* TASK INSTRUCTIONS
Line by line, the data below should be set down unchanged, with images excluded.

* SUPPLIED INFORMATION

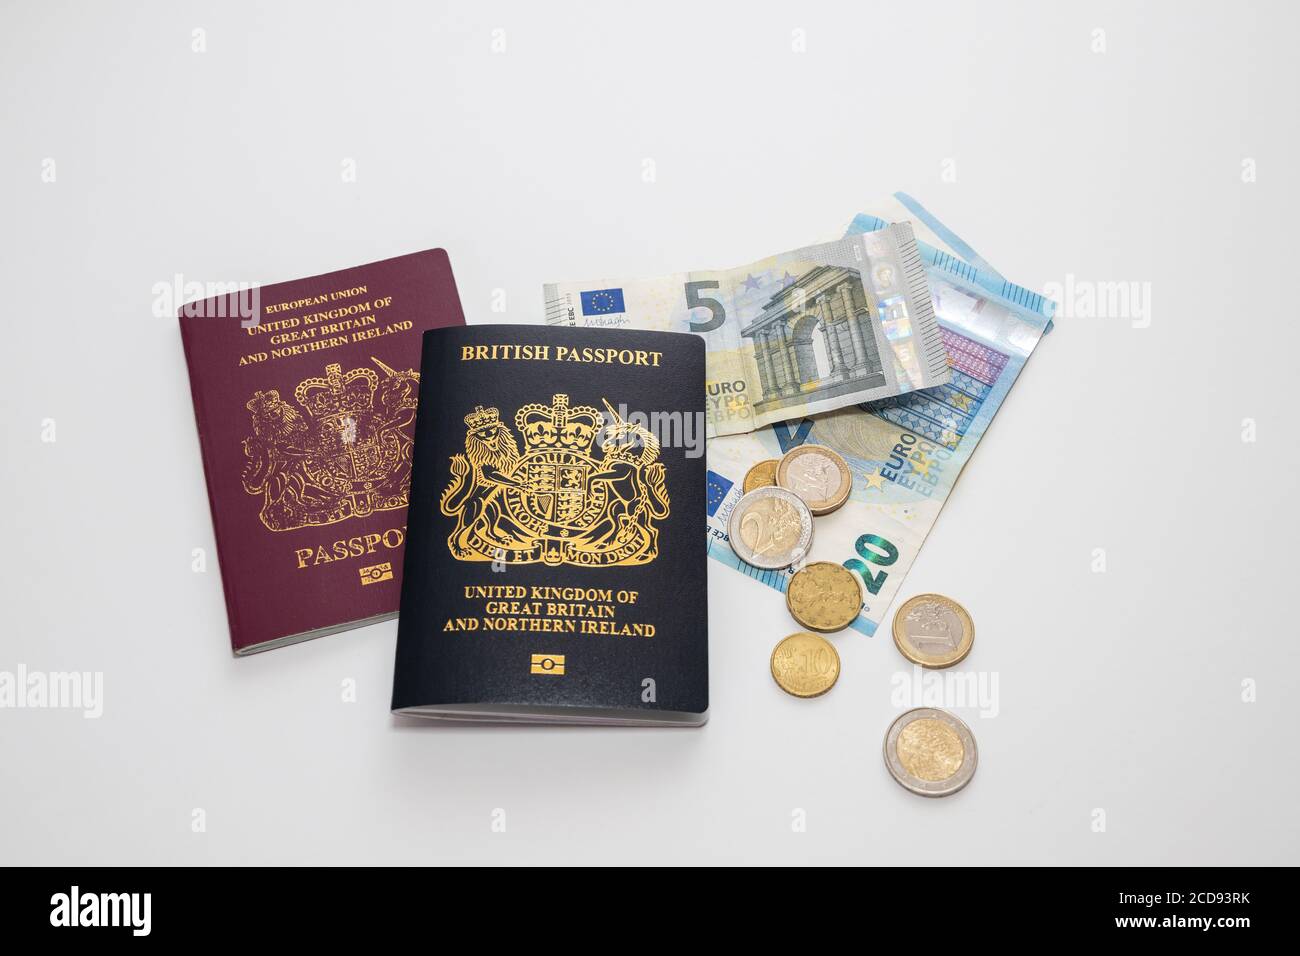 New blue British passport. (United Kingdom of Great Britain and Ireland) for post-Brexit and old EU passport, together on a plain background Stock Photo
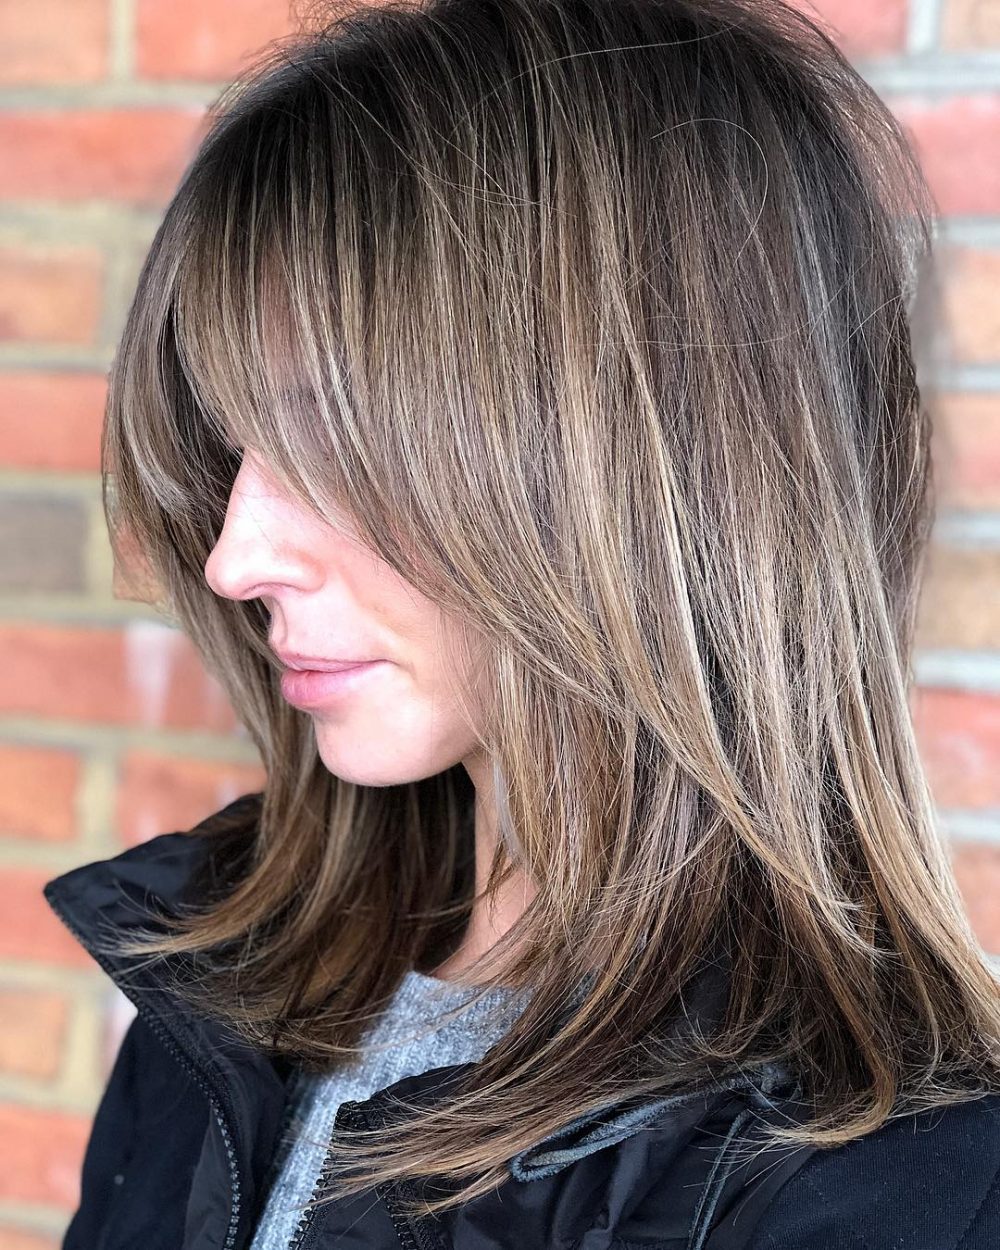 A polished bronde colored shag with bangs
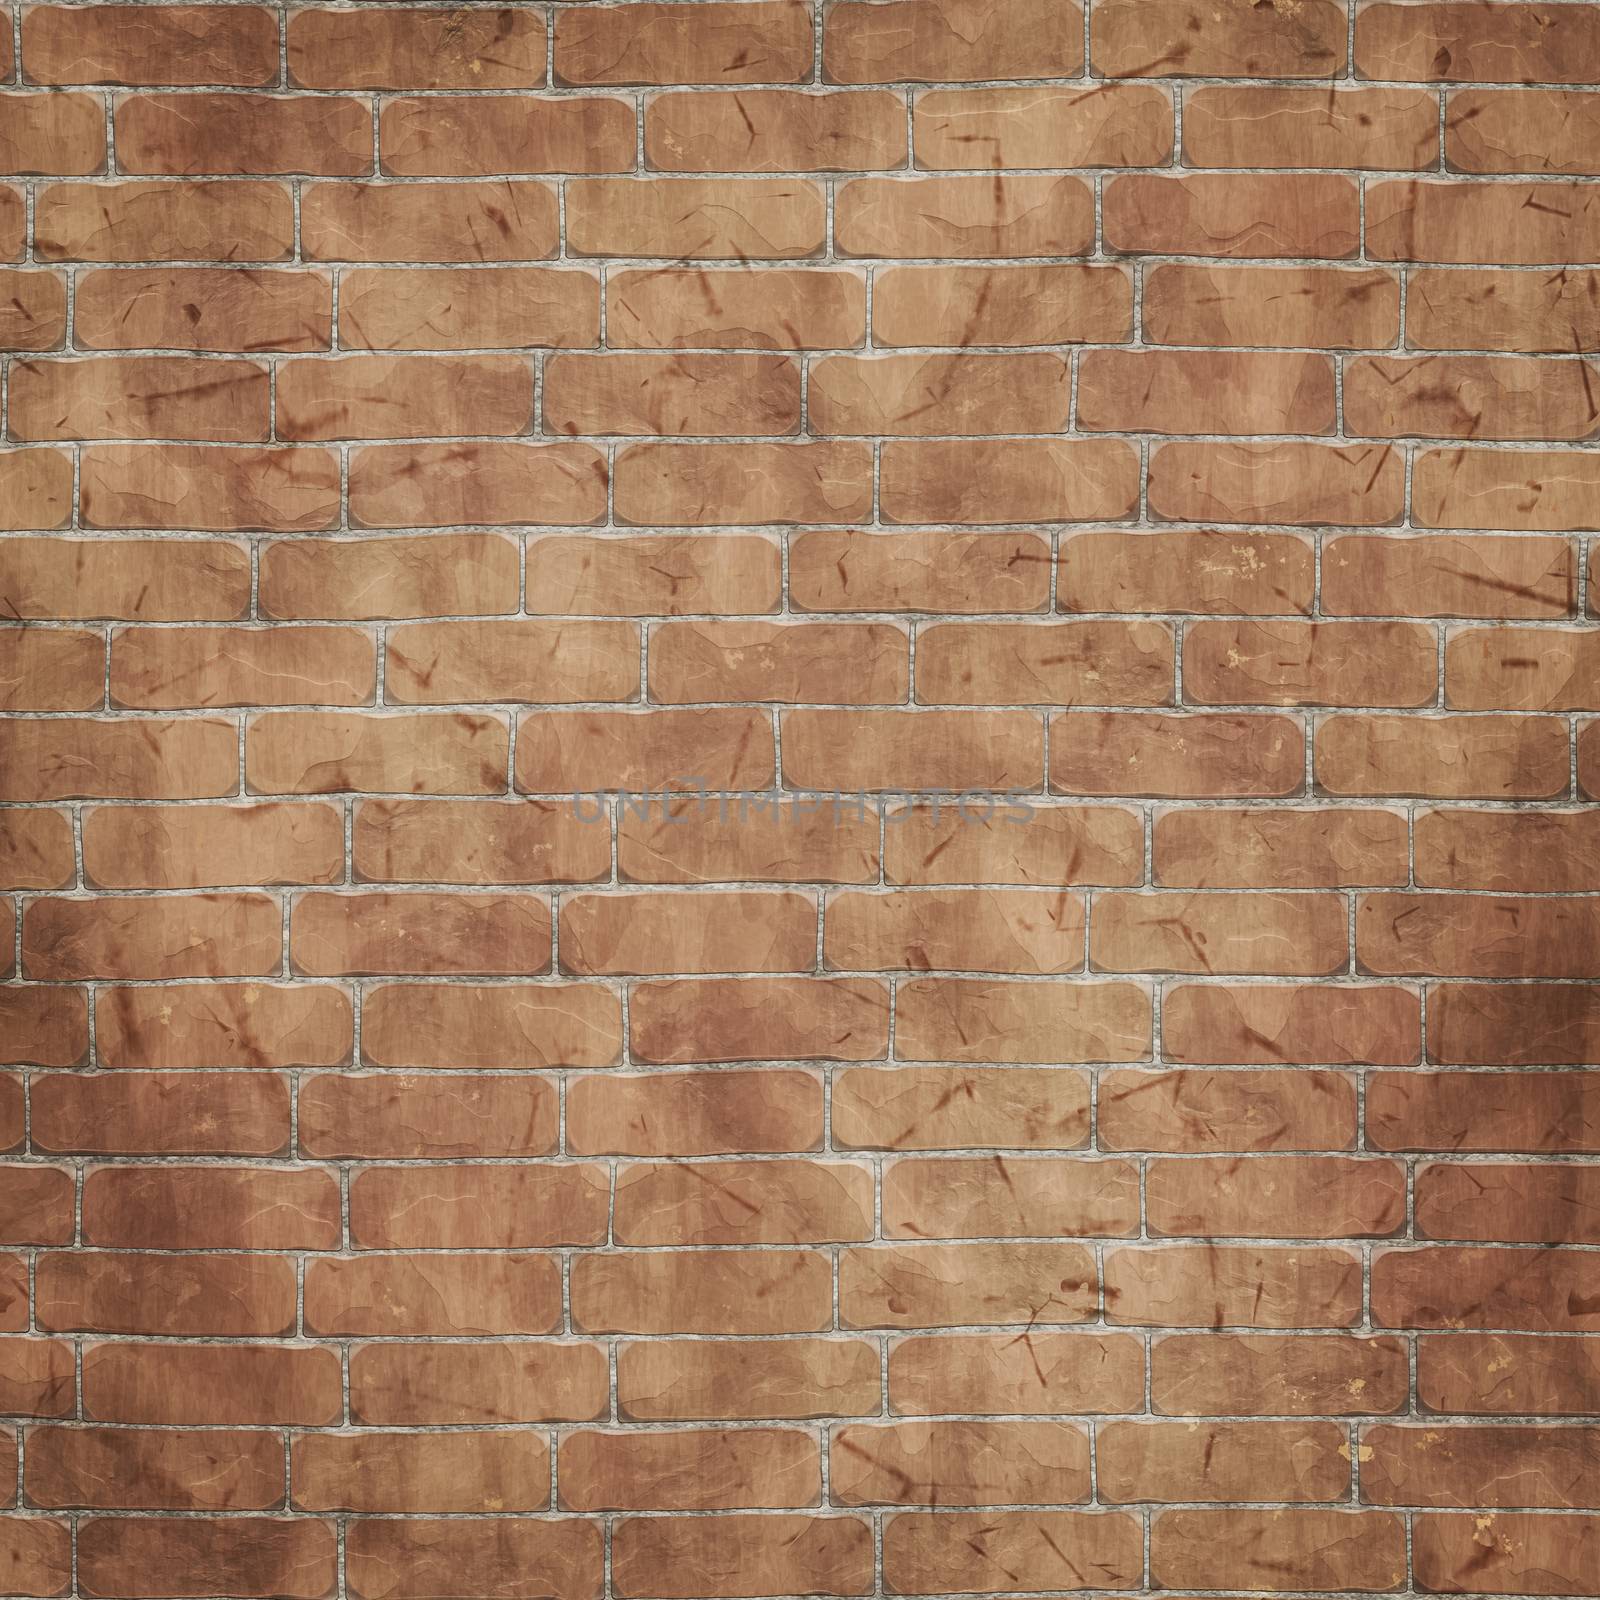 2d illustration of a brick wall background

* RESPONSE BOX
 New blue British passport. (United Kingdom of Great Britain and Ireland) for post-Brexit and old EU passport, together on a plain background Stock Photo
 A polished bronde colored shag with bangs
 2d illustration of a brick wall background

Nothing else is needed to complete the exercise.